Feriengäste weichen dem beliebten Urlaubsgebiet sorgfältig aus. Selbst die Pyramiden können die Situation nicht verbessern. Selbst die lächerlichen Hotelpreise nicht. Sogar das luxuriöse „Renaissance Hotel“ hat zum Beispiel die pro Nacht-Preise auf 23 Pfund (ungefähr 30 Euro) drastisch gesenkt.

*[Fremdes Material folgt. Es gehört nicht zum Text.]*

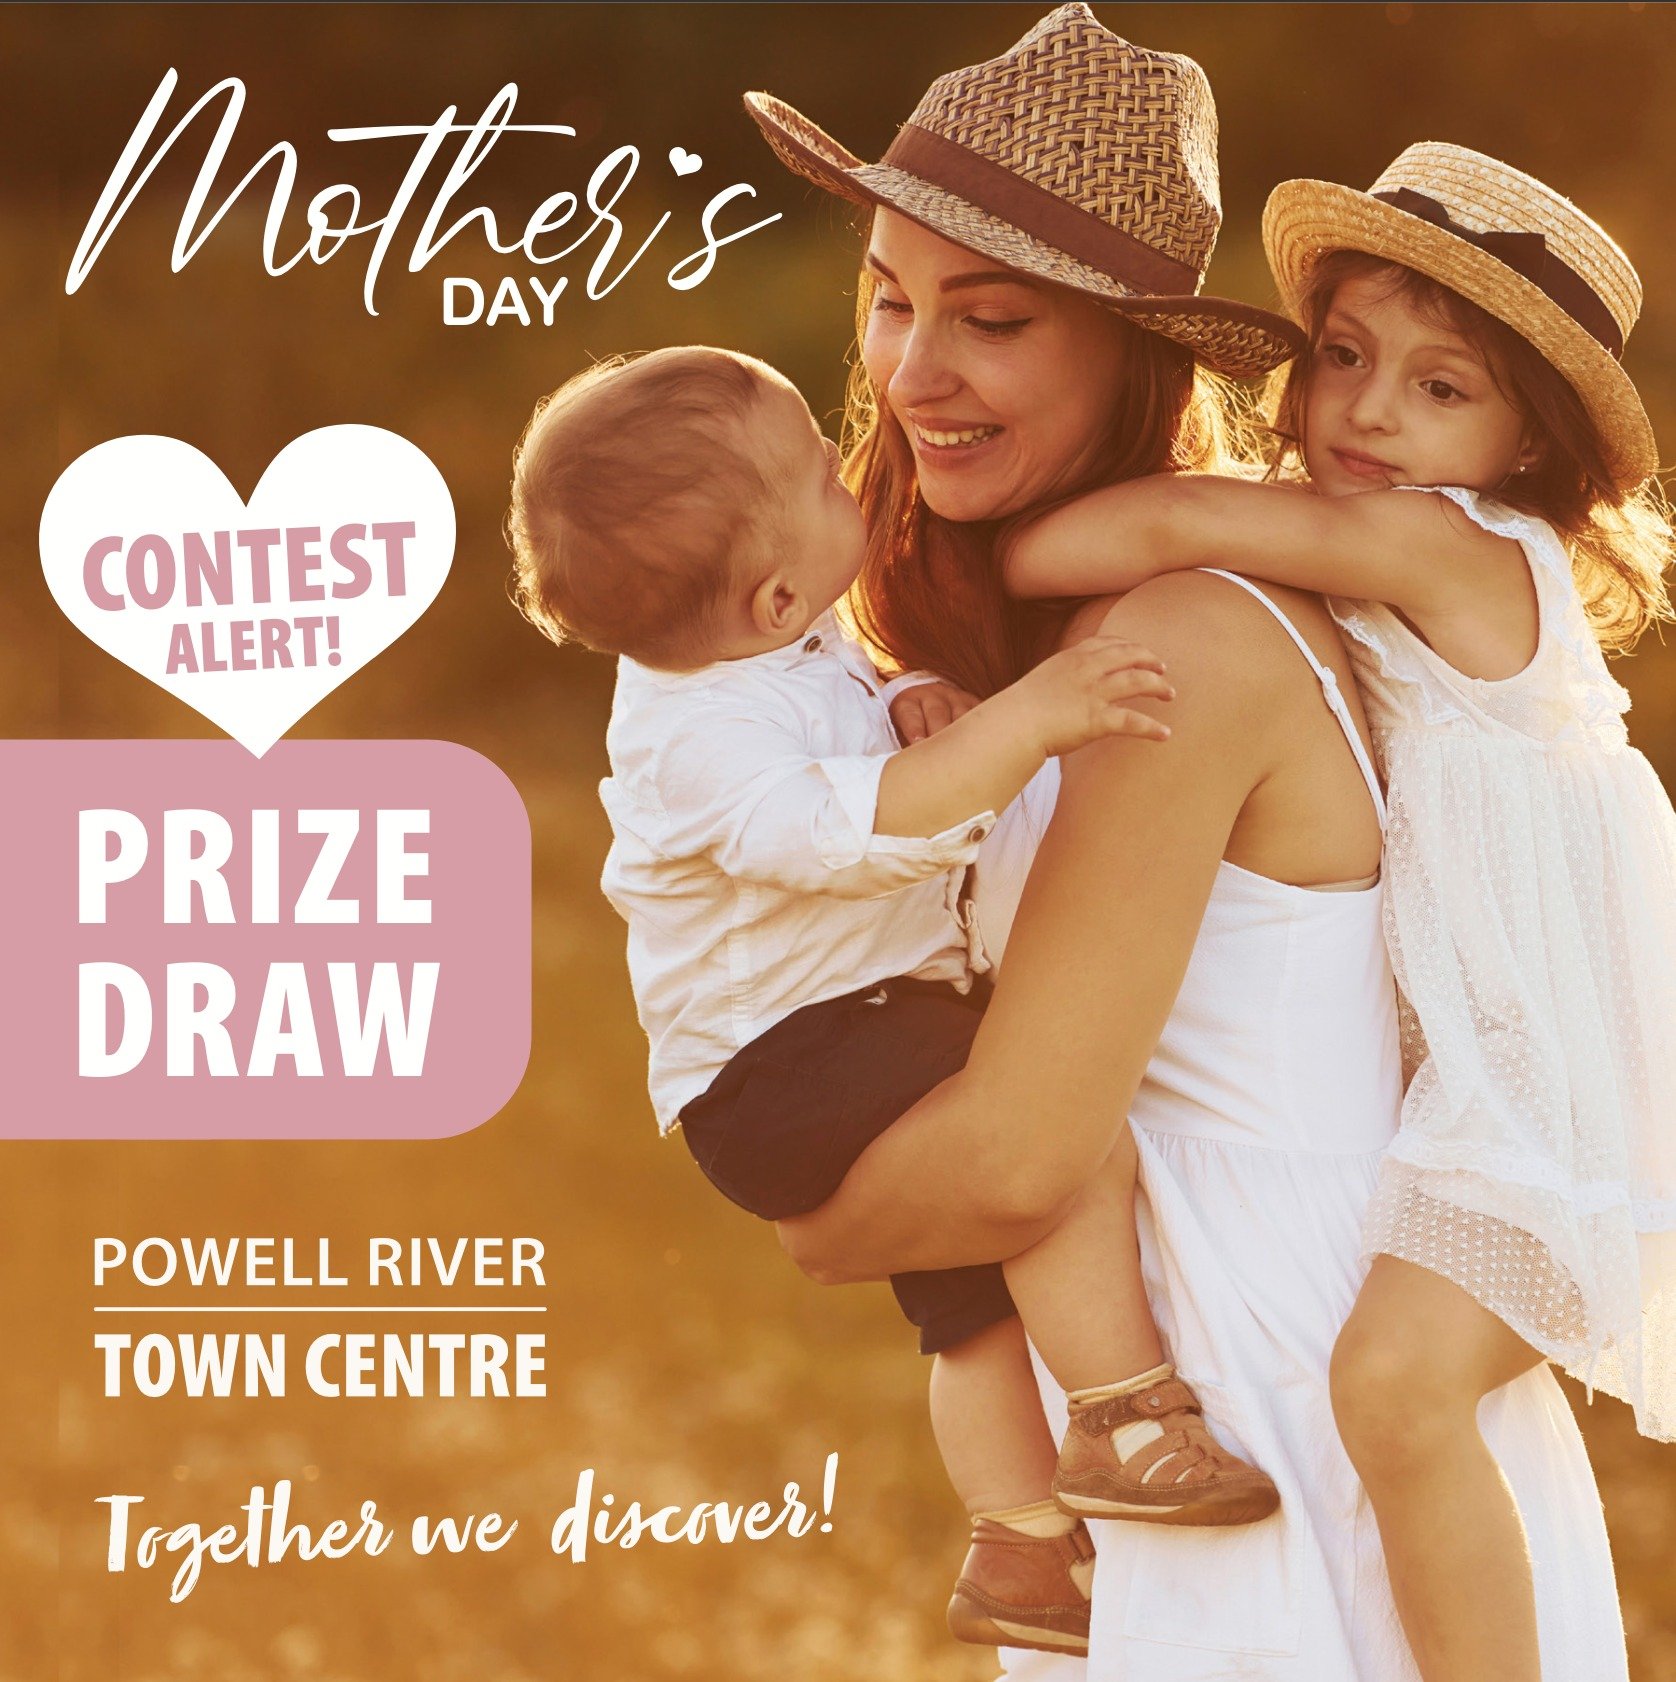 🌟 Last Chance Alert! 🌟 Time is running out to enter our Mother&rsquo;s Day Prize Draw at Powell River Town Centre! Don't miss this opportunity to spoil Mom with a chance to win our luxurious prize package worth $925! Treat her to a 2-night deluxe o

Nach dem arabischen Frühling 2011 waren Ruhe und Wirtschaftsaufschwung erst 2013 teilweise in das Land zurückgekehrt. Doch ehe sich Ägypten von der Krise erholt hatte, haben vermutlich IS-Terroristen 2015 einen Bombenanschlag  auf ein russisches Passagierflugzeug verübt.  Der britische Luftverkehr ins Land wurde wegen Terrorgefahr eingestellt und die Touristen nach Hause zurückgebracht. Russland hatte ebenfalls seine Flugverbindung mit Ägypten gestoppt.Der jüngste Absturz einer A320 der EgyptAir  im Mittelmeer  war der Tropfen, der das Fass zum Überlaufen brachte. Die Ursache ist noch nicht festgestellt, doch bekanntlich hat Furcht tausend Augen. Urlauber bevorzugen Sicherheit der Billigkeit und wenden sich den europäischen Ländern wie etwa Portugal, Spanien oder Griechenland zu. Zur Freude dieser offensichtlich.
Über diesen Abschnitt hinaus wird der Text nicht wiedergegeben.